Hi everyone,
I’m currently working on a project that tries to build an interpretable and easy-to-use prediction model in the form of a decision tree. The hope is that this model can be used by healthcare workers graphically without needing them to perform any mathematical calculations or computer software. This model is trying to predict mortality for children admitted to hospitals in southwest Nigeria within 7 days of admission. The prediction from the model will then be used to help inform whether or not to put children in intensive care. The data used to build the model is clustered by hospitals, and hence internal-external cross-validation is used as recommended by TRIPOD-cluster. Furthermore, the data is very imbalanced, with only 4% of observations being cases.
There are two types of metrics: discrimination and calibration. Recently, I have encountered many sources that recommend prioritizing calibration when the purpose of the model is to help with decision-making. I’m wondering if that applies to all situations? My team is currently thinking of optimizing and focusing on discrimination, since if we use a probability model, it will be difficult to use for healthcare workers compared to a clear-cut binary classification model, especially if it’s shown graphically in a decision tree. Moreover, we are trying to only produce one final decision tree with consistent prediction across all settings/hospitals. Because of this, we are considering building the decision tree model through upsampling and optimizing for F2-score. We want to use F2-score because we care more about correctly classifying death even if it leads to more false positives (accounting for the cost of misclassification; handling class imbalance). This will distort the model’s calibration but then will produce a model that prioritizes discrimination with a clear-cut binary classification.
All advice would be greatly appreciated.
This article describes in detail why forced-choice classification does not meet the goals of decision making and is even misleading. So risk prediction should be your goal, which will also not lead you to worry about so-called “imbalance”.
One of the ironies of simplification of risk scoring rules is that many papers published in the medical literature have resulted in over-simplified discontinuous scoring systems that result in worse discrimination than just using a single continuous variable such as age as a predictor. You can estimate outcome risk from a single variable using a single-axis nomogram as shown here.
So I suggest that obtaining near-perfect calibration with good discrimination be the goal.
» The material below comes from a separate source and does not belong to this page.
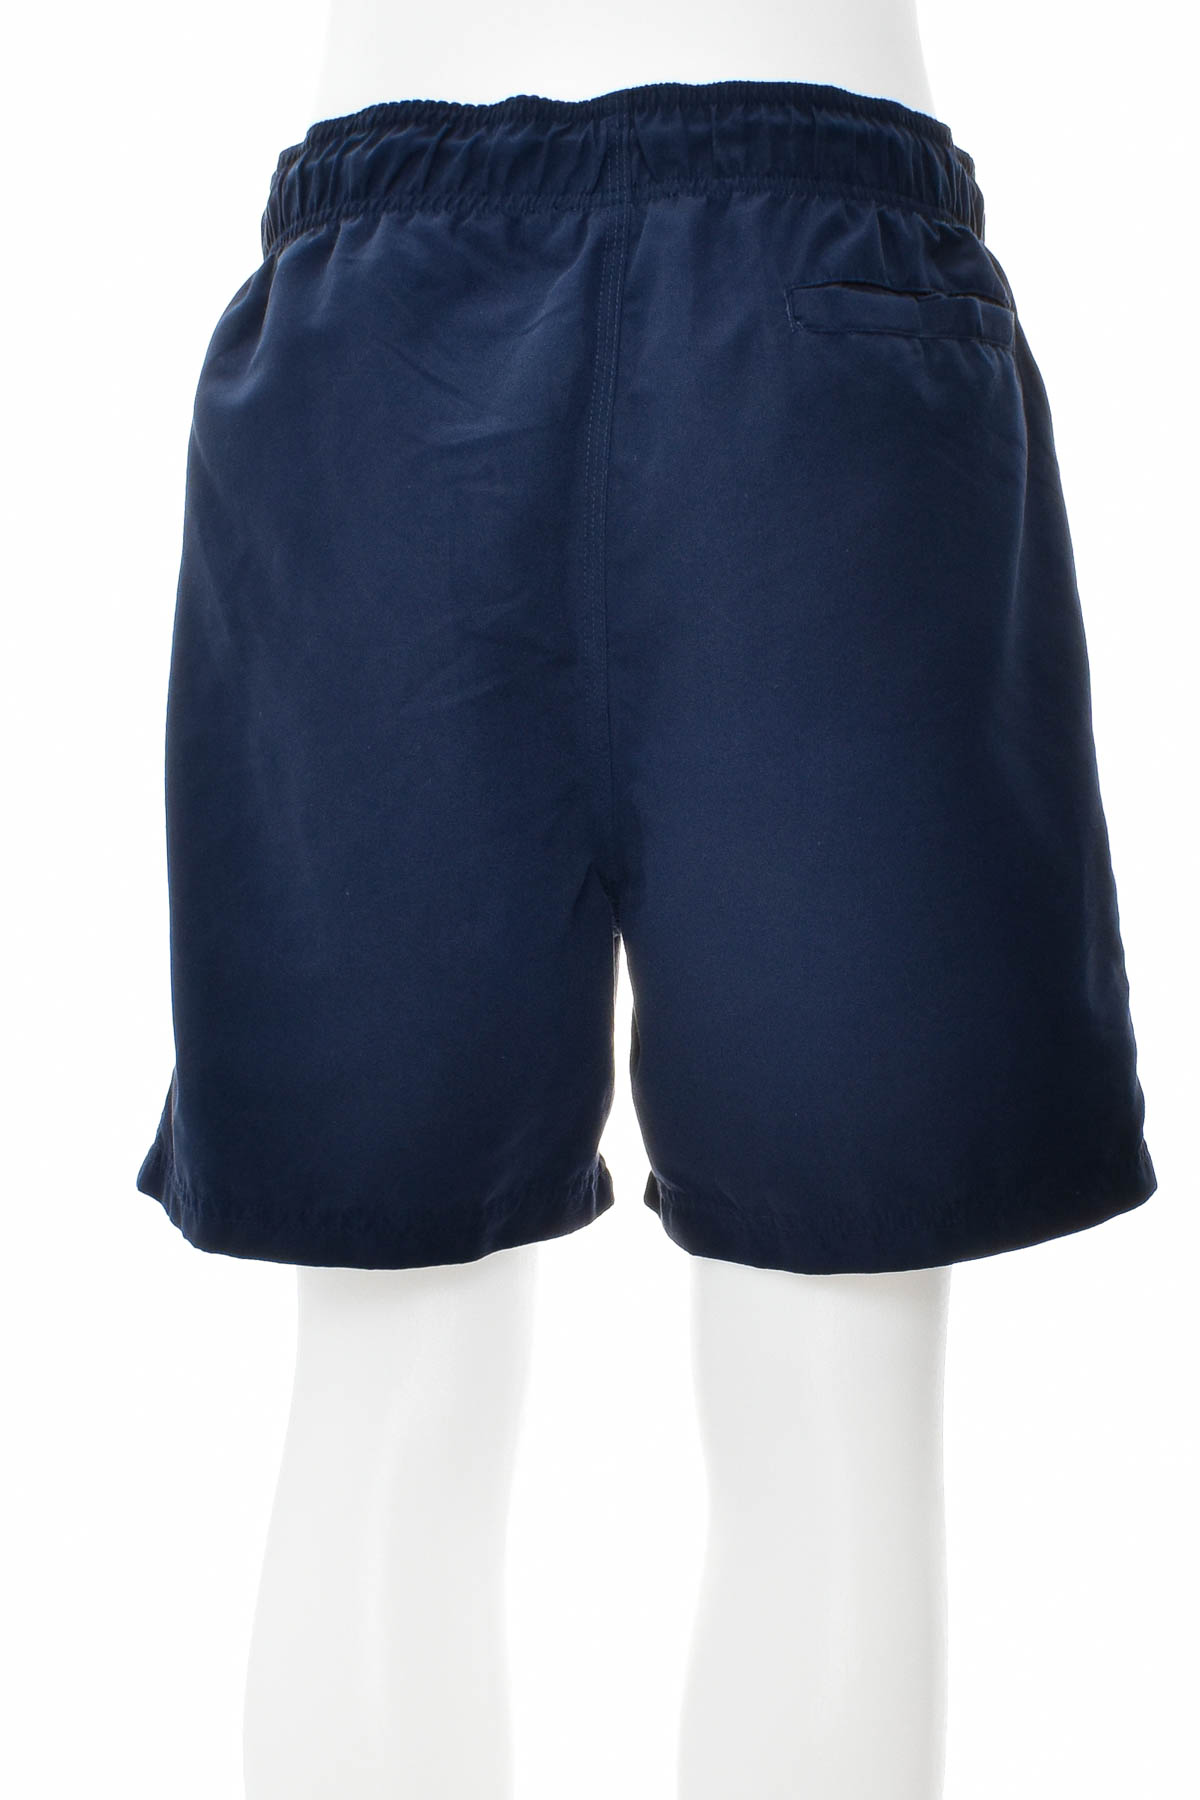 Men's shorts - Crivit - 1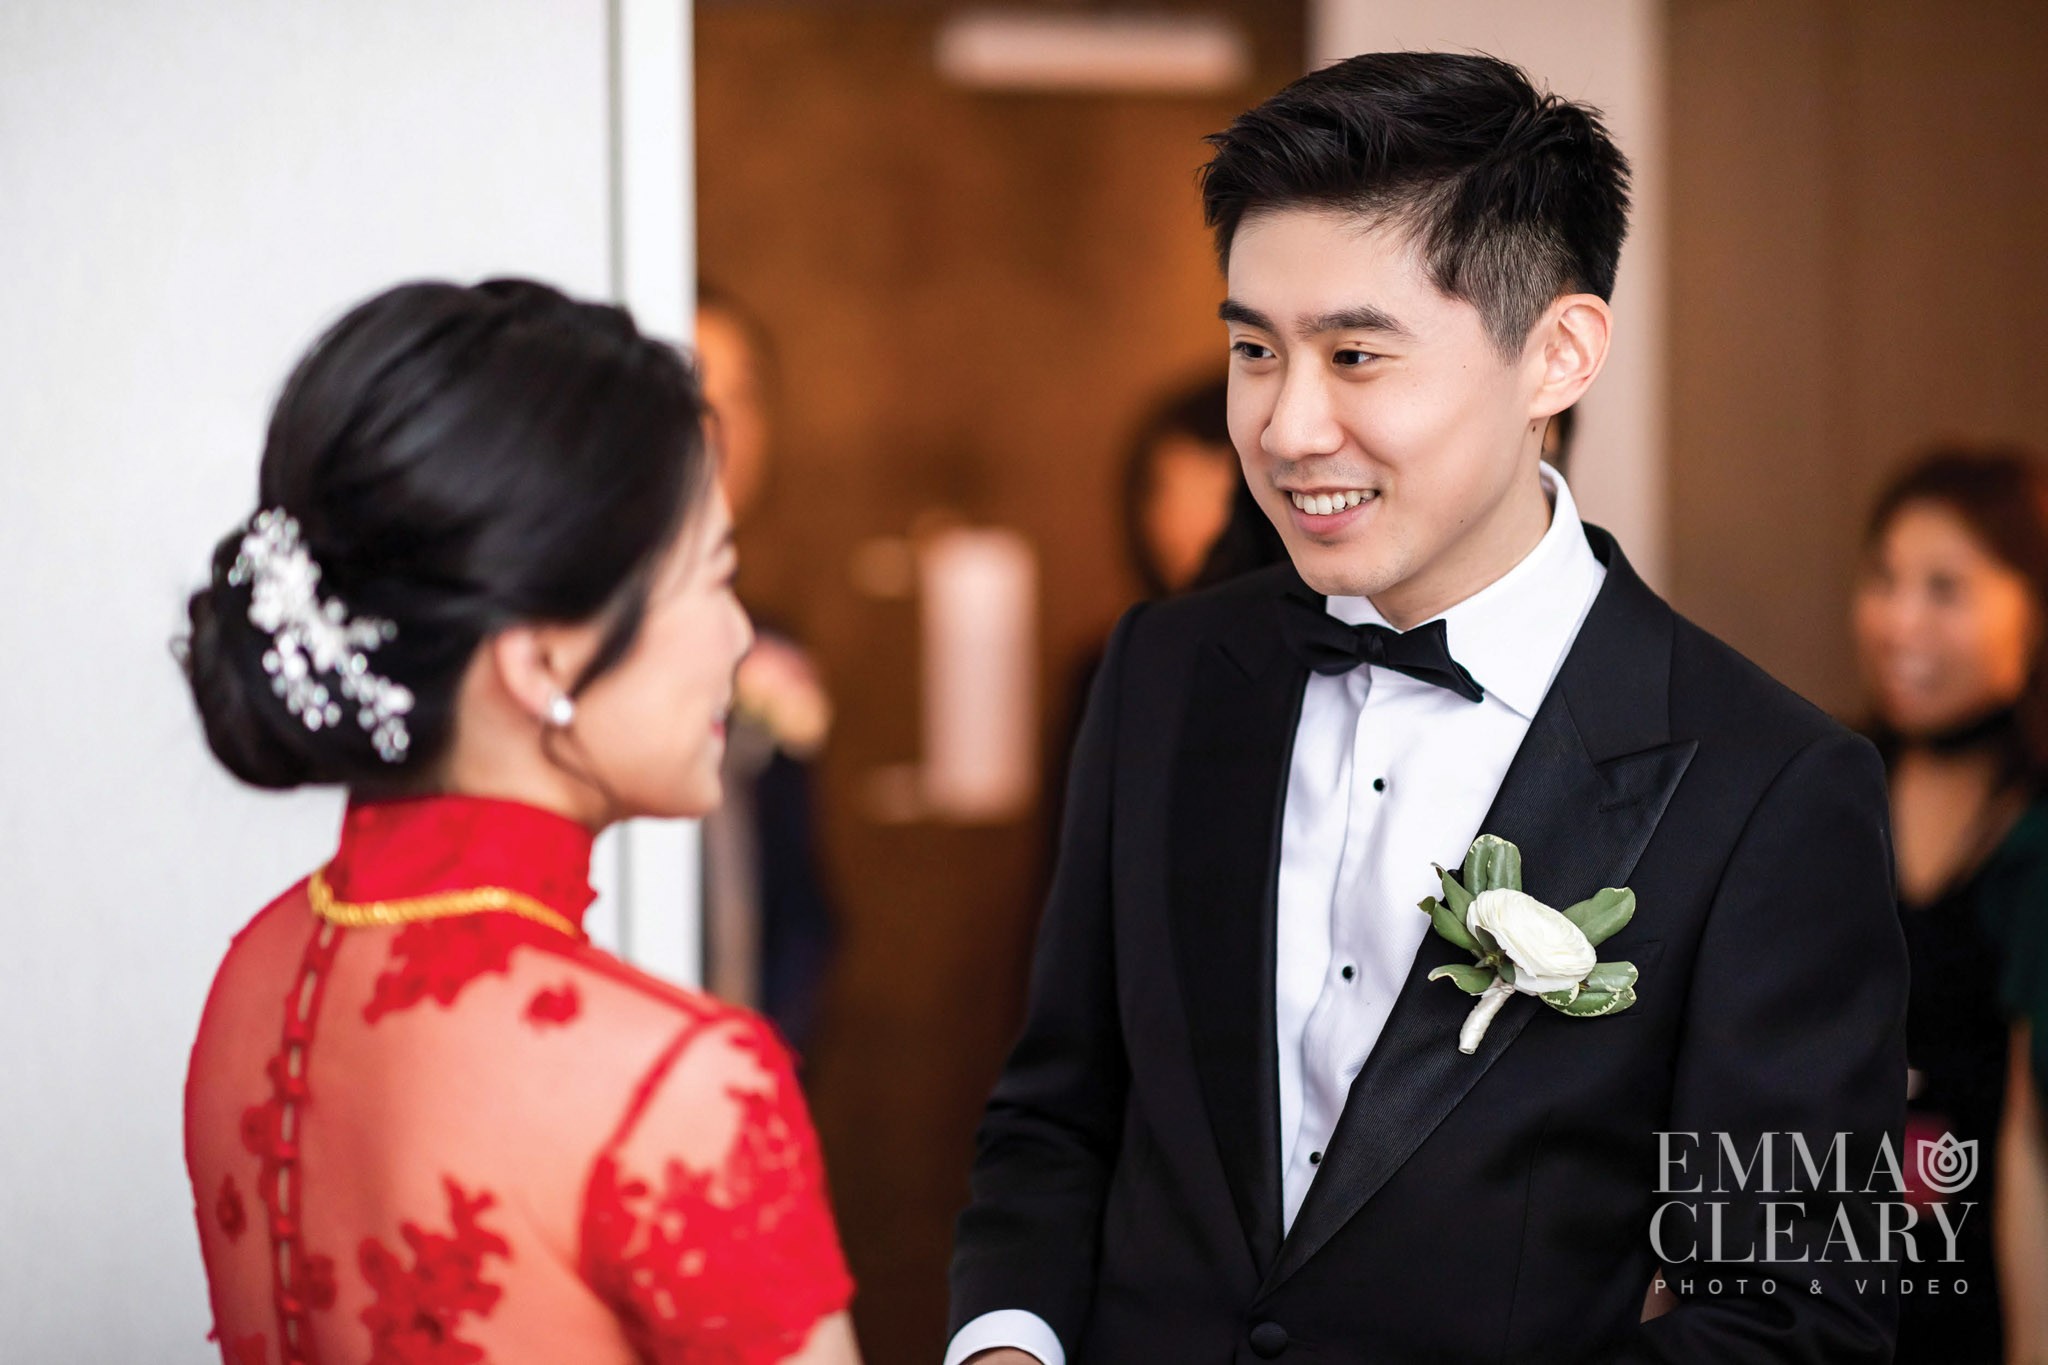 Chinese wedding photo

Then the question is how to make the calculations as simple as possible if you don’t want to use a smart phone app. @Ewout_Steyerberg’s book Clinical Prediction Models has lots of examples of developing point scores and nomograms. A point score table is just example points from a nomogram. The R rms
package nomogram
function produces point tables when the result is printed, and draws a nomogram when its result is plotted. There are other approaches such as a line graph with several curves on it. I’d like to see others respond with more ideas.
2 Likes
Hi Professor Frank Harrell,
Thanks for the answer. I have a question about assessing the discrimination in the context of internal-external cross-validation. The available literature on internal-external cross-validation seems to focus on using ROC-AUC to assess a model’s discrimination. However, the data that I’m using right now is very imbalanced (4% of all observations are cases), and I wonder whether it’s still a suitable metric to use? Another sources recommend metric such as PR-AUC, which they claimed is more suitable for imbalanced data; ROC-AUC is said to give optimistic performance for imbalanced data. However, currently, there’s no method that allows me to calculate the standard error for PR-AUC. Without the standard error, I can’t perform the meta-analysis procedure to pool the results across the internal-external cross-validation.
So, in short, my question is, can I still use ROC-AUC for imbalanced data? If not, how can I interpret the PR-AUC without the ability to pool the result across the internal-external cross-validation?
What steps are you taking to avoid the risk of displacing or excluding organic, local knowledge & expertise by imposition of this protocolized decision ‘tool’? Are you engaged in a genuine scientific collaboration with local clinician-experts, such that your joint work on this prediction modeling might conceivably yield fresh insights into the problems they face? How will you assess the effects of this tool’s introduction on these admission decisions?
The c-index, i.e., AUROC, has no problem at all with imbalance. But supplement this with other measures such as these and these.